Tools/scripts used to collect history data from CADC services
License: MIT License
Python 3.62%Jupyter Notebook 96.38%
cadcstats's Introduction
cadcstats
condor
condor_parser.py: Reads directly from htcondor history file and parsing useful fields into line-based JSON. Usage: $ python3 condor_parser.py -f $FILE_IN -pre/-post -json. -pre/-post is used to distinguish pre and post OpenStack.
condor-es.conf: The configuration file for Logstash.
tomcat
tomcat_parser.py: Reads from tomcat gzipped logs and parse useful lines into line-based JSON format. Usage: $ python3 tomcat_parser.py -f $FILE_IN -json. $FILE_IN must be the gzip tomcat logs.
There are two outputs: $FILE_IN.json and $FILE_IN.err. The former is the line-based JSON and the later is a debug file contains the line number that the parser fails to parse, for what reason it fails, and the original raw string to be analyzed.
The debug function (-redo flag) is experimental, as it relies on grepping info from the file name, with the path to the log files being hard coded in the script.
tomcat-es.conf: The corresponding config for Logstash.
openstack
openstack-es.conf: The config for Logstash.
advancedsearch
ip2dom.json: An cached ip-to-domain dictionary.
adv2csv.py: Dump and transpose cvodb1 and cvodb2-01 advanced search query history to a csv file. It uses a read-only account with the user name and password commented at the beginning of the script.

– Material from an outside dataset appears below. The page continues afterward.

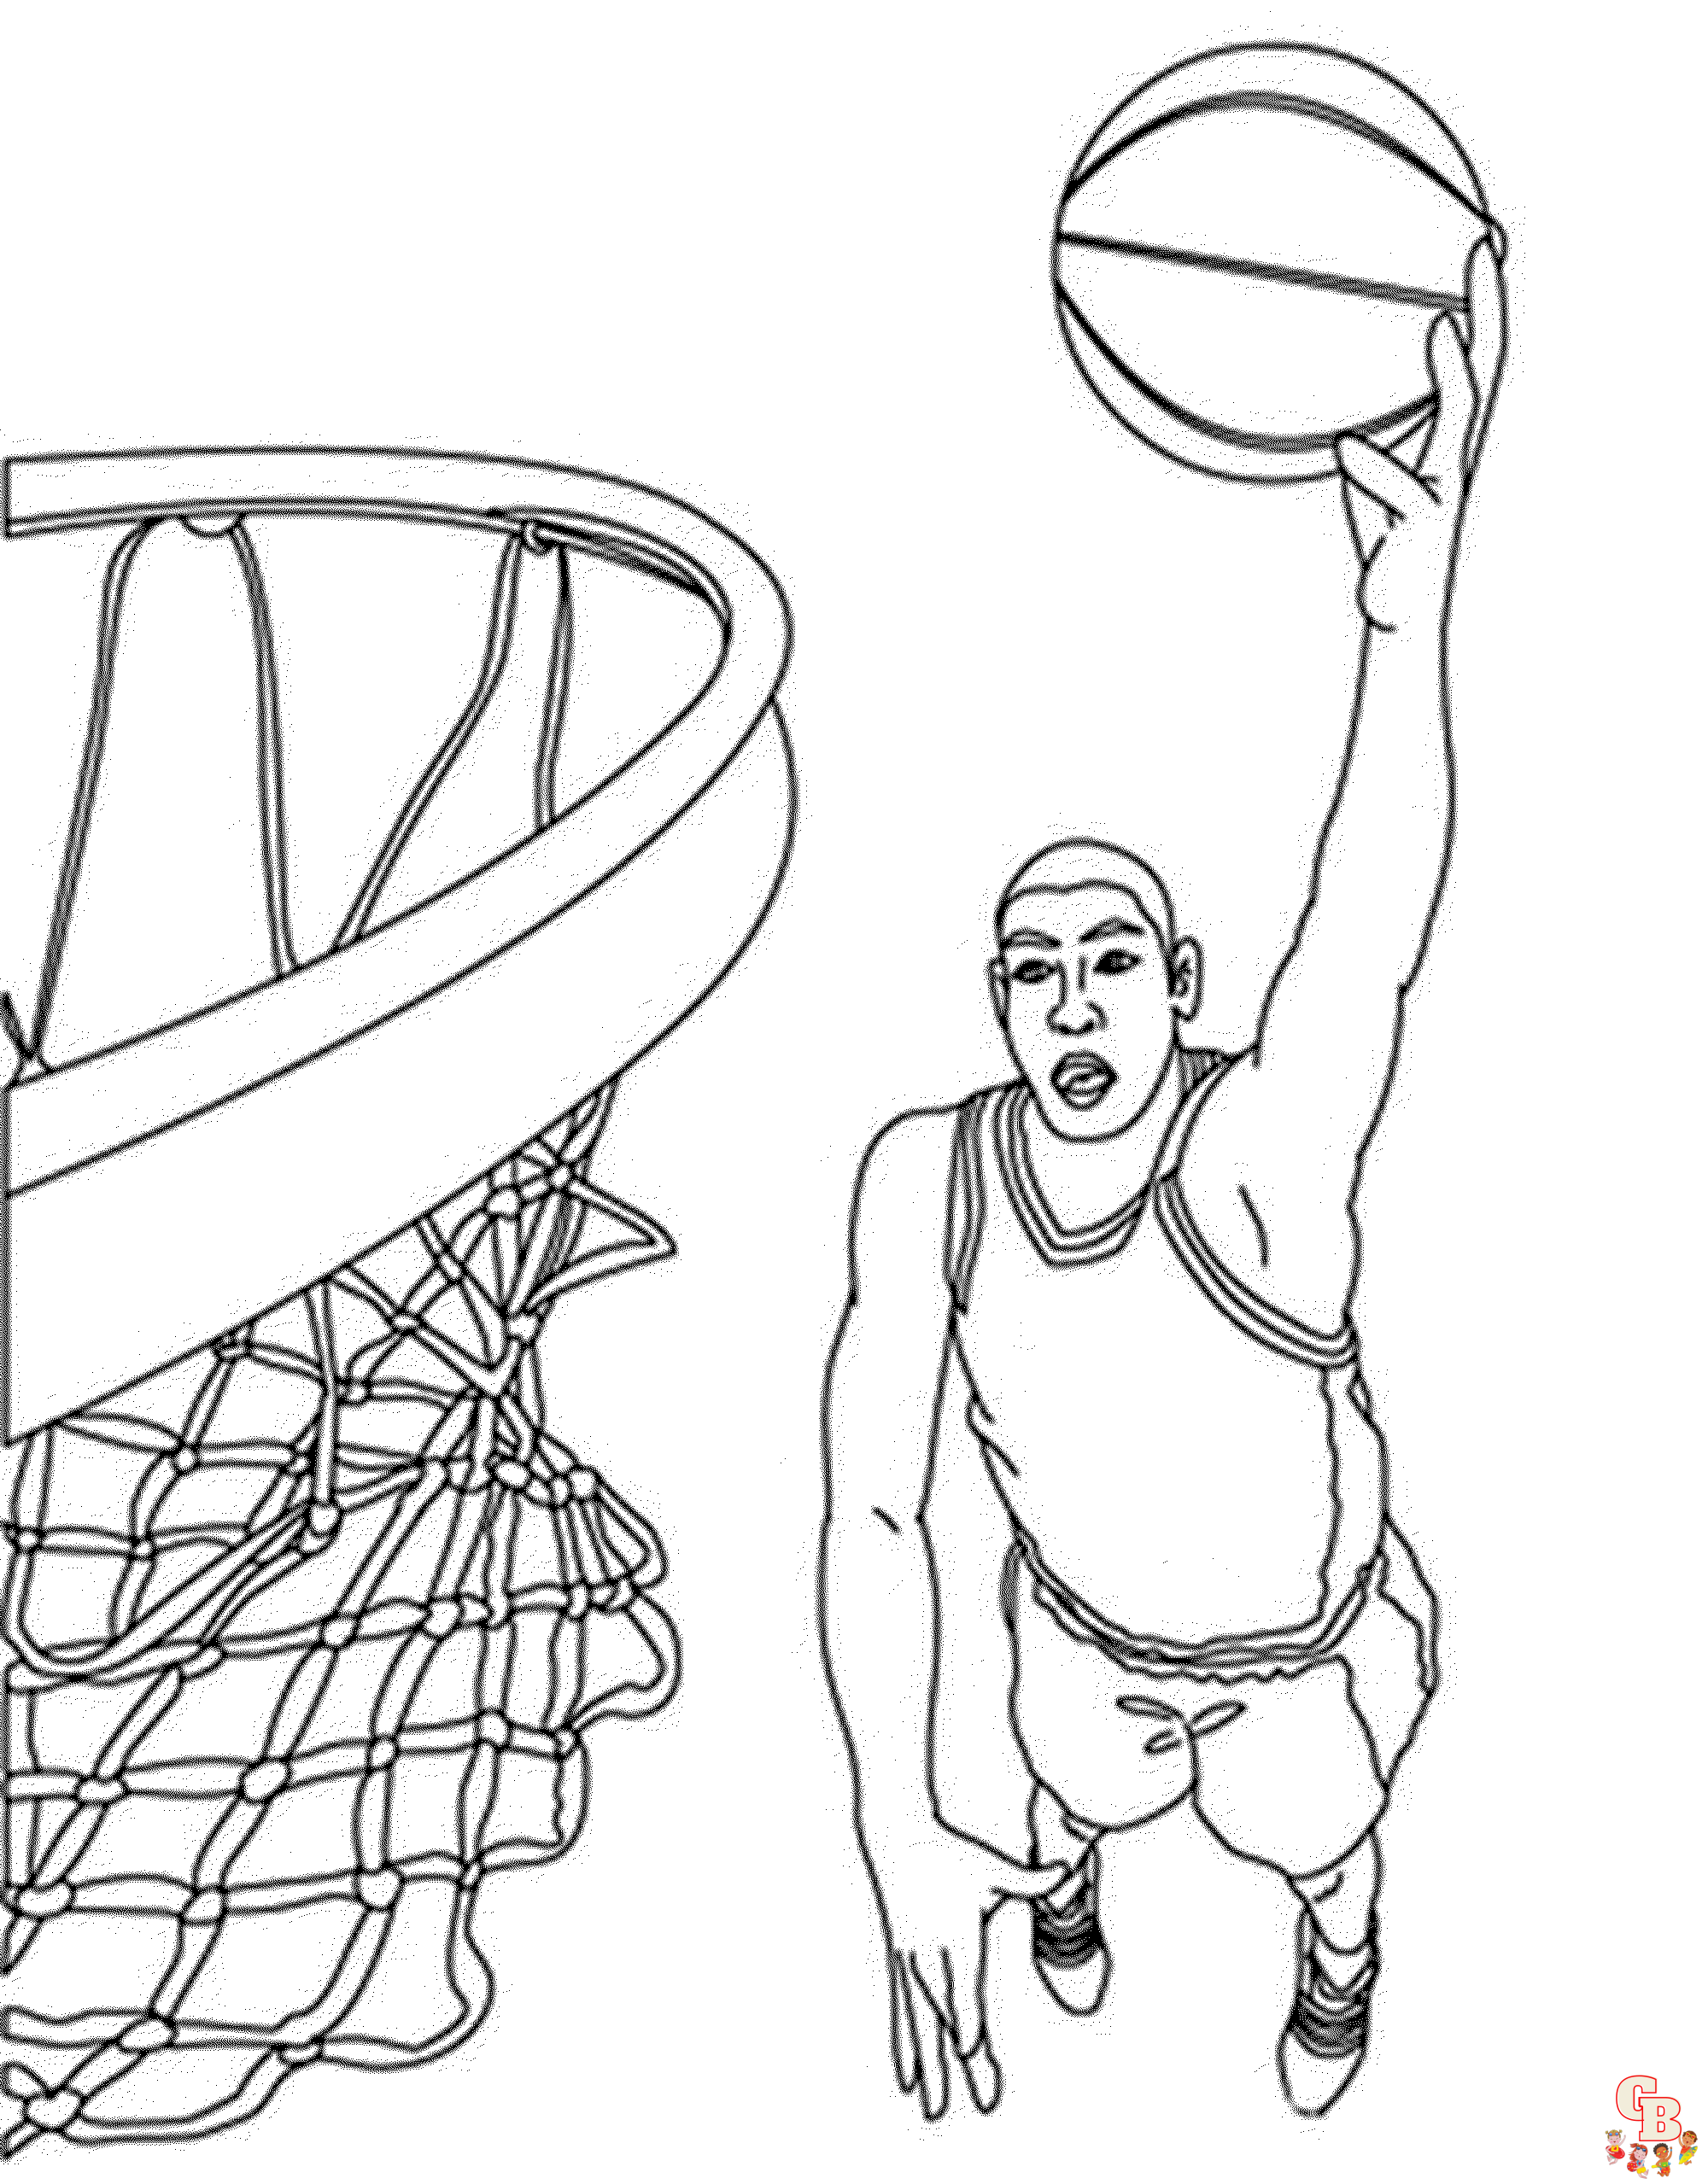 Printable stephen curry coloring pages free for kids and adults

advancedsearch-es.conf: Logstash config file.
apache:
apache.conf: The config for Logstash.
svc_plots:
A python package with all the subroutines to generate various plots. The proper name wrapper of each subroutine is within plots.py. Please see the Jupyter notebook for each services for details.
tomcat_odin.py is not included in svc_plots.plots. These plotting subroutines can only use odin.cadc.dao.nrc.ca instead of elk.canfar.net.

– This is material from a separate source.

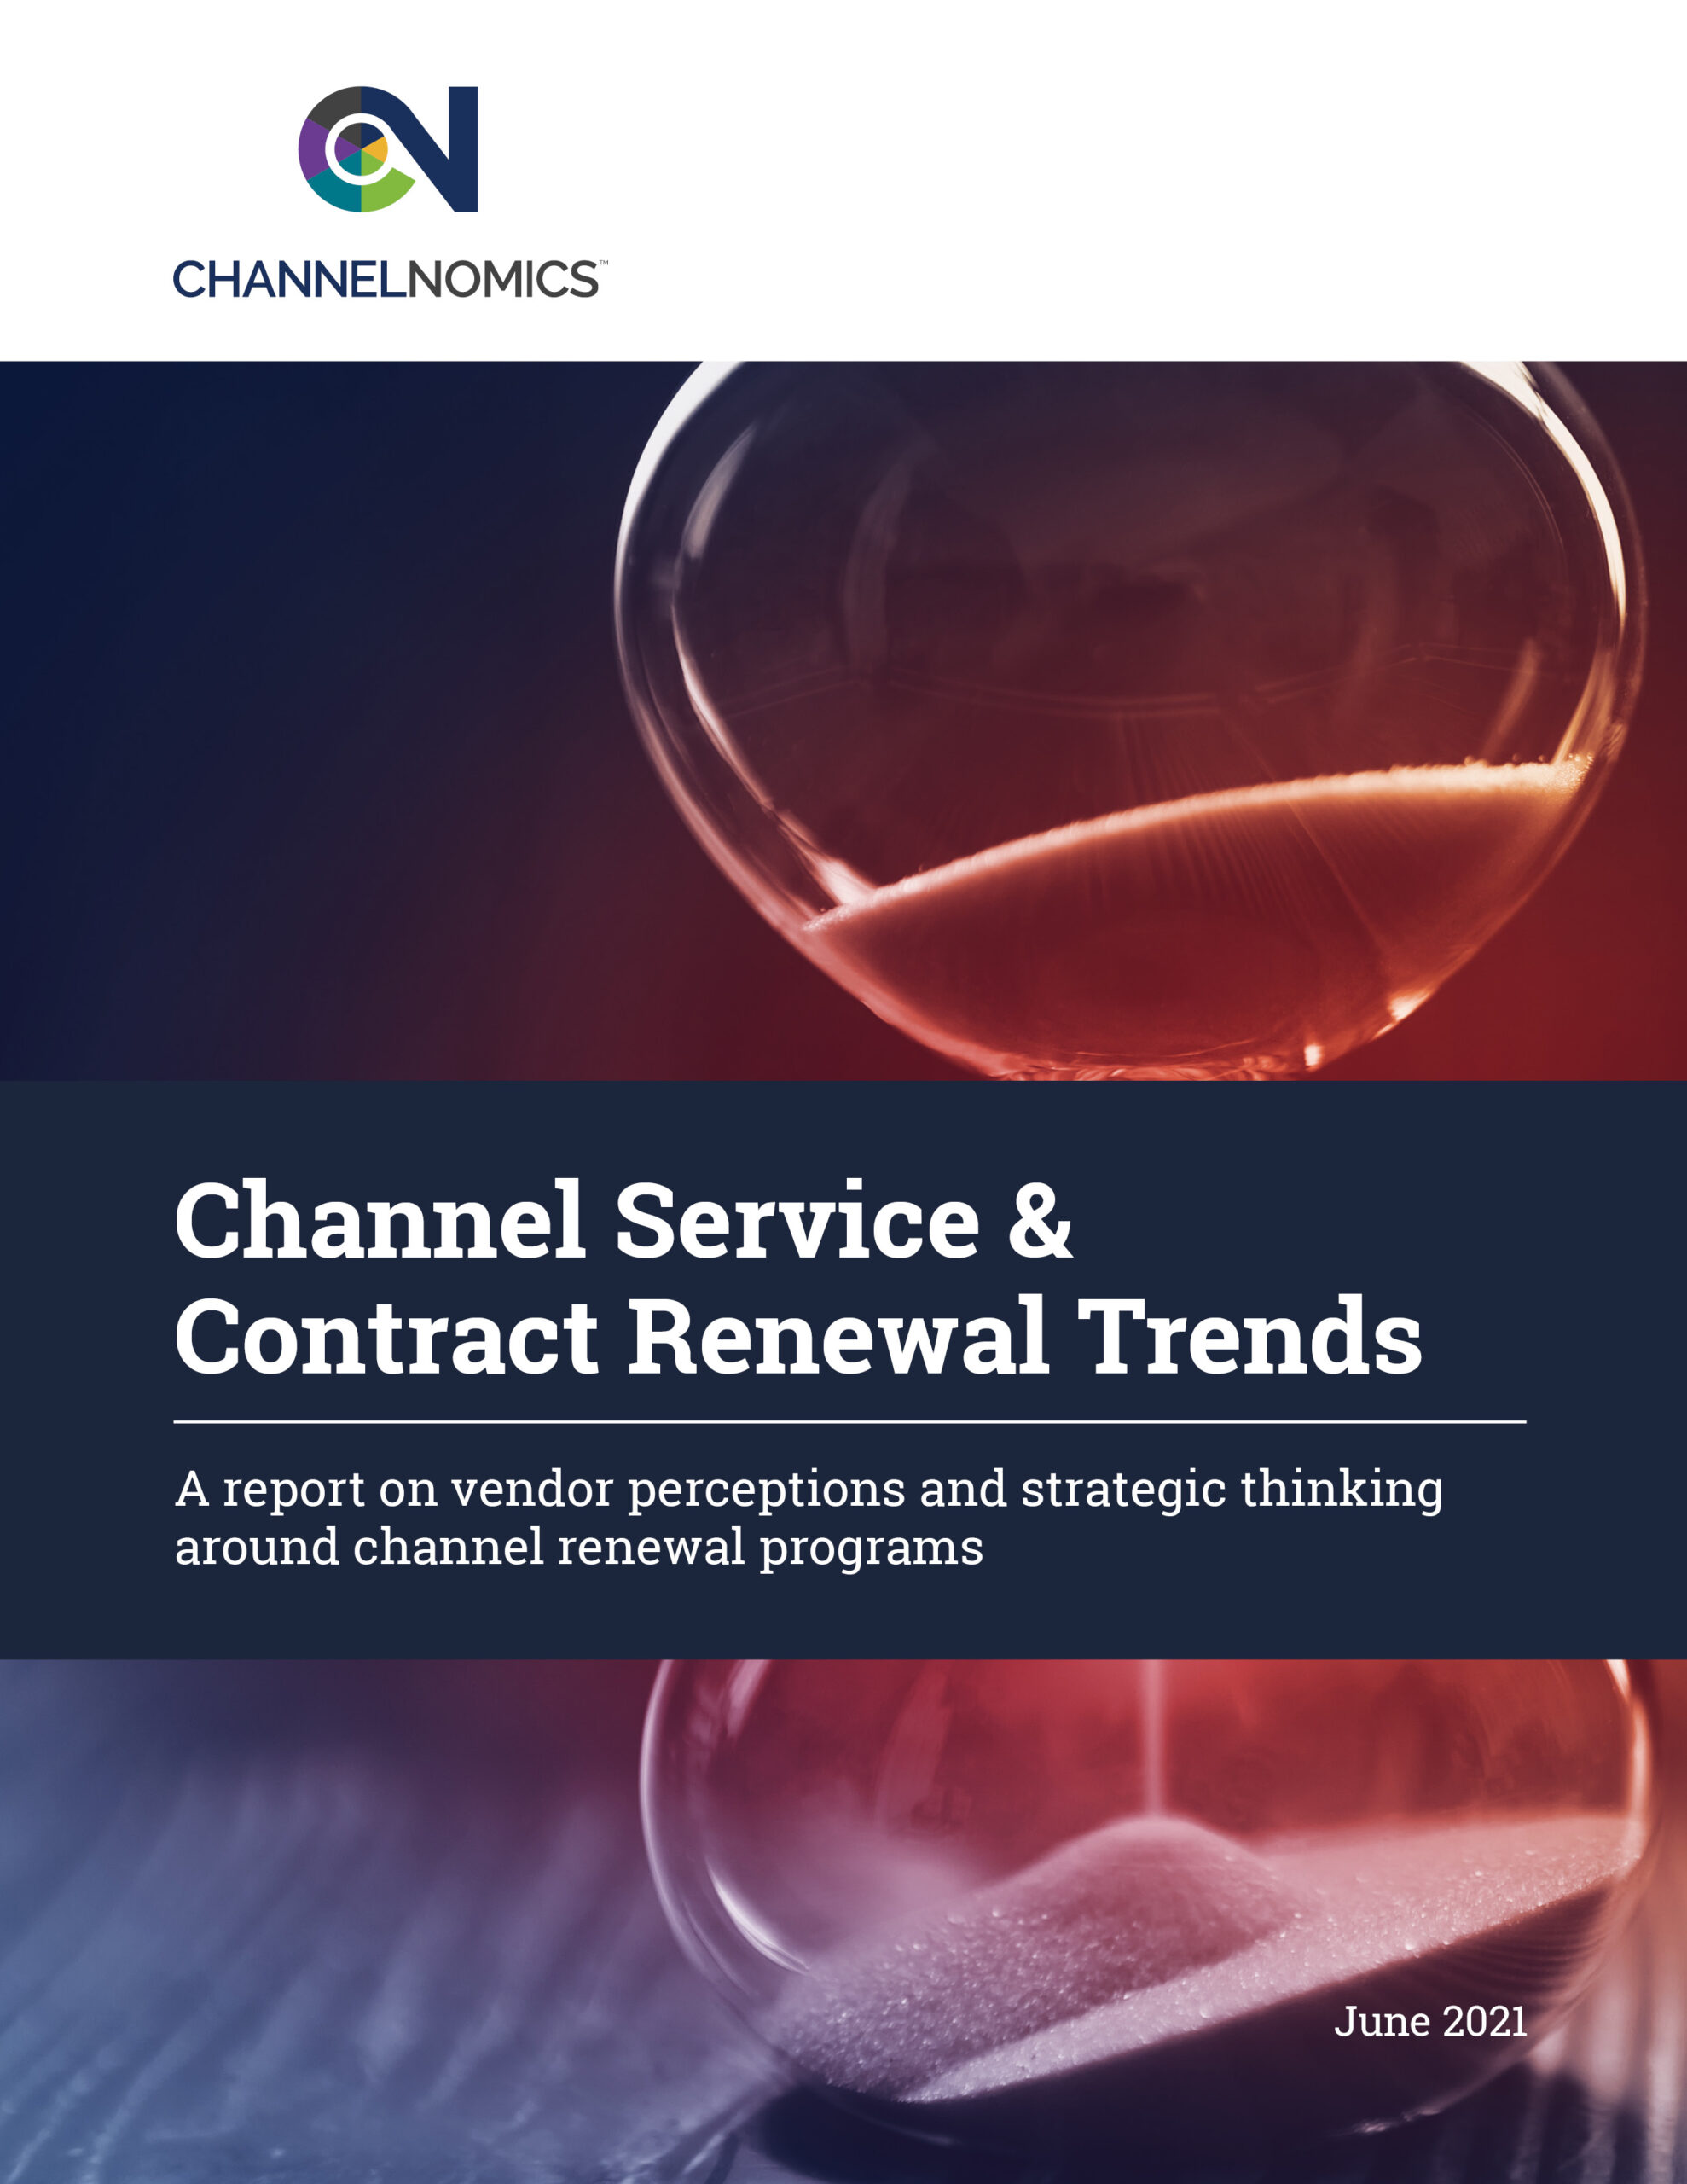 Channel Service & Contract Renewal Trends 2021

Other Python subroutines are packed and should be called from svc_plots.plots
*.ipynbs:
Jupyter notebooks that used to host all the services plots.
@seb:
For the unique file downloaded stats, i don't have a plot for that; however, under svc_plots dir, there is tomcat_old.fig7() that is not used anywhere. fig7() will do a query month by month, for the past two years, print the # of size of unique files. Again month by month actually reduces the computing over the server, compared to do two years at one time.
The certificates are under my home dir. All important stuff are either under my home dir or /data/. Processed HTCondor and Tomcat logs are uploaded to vos:cadcstats.
I have included some common Elasticsearch API commands in a seperate text file, es_commands.txt. I found those commands very handy. The console portal on Kibana is very helpful when you have some ideas to try.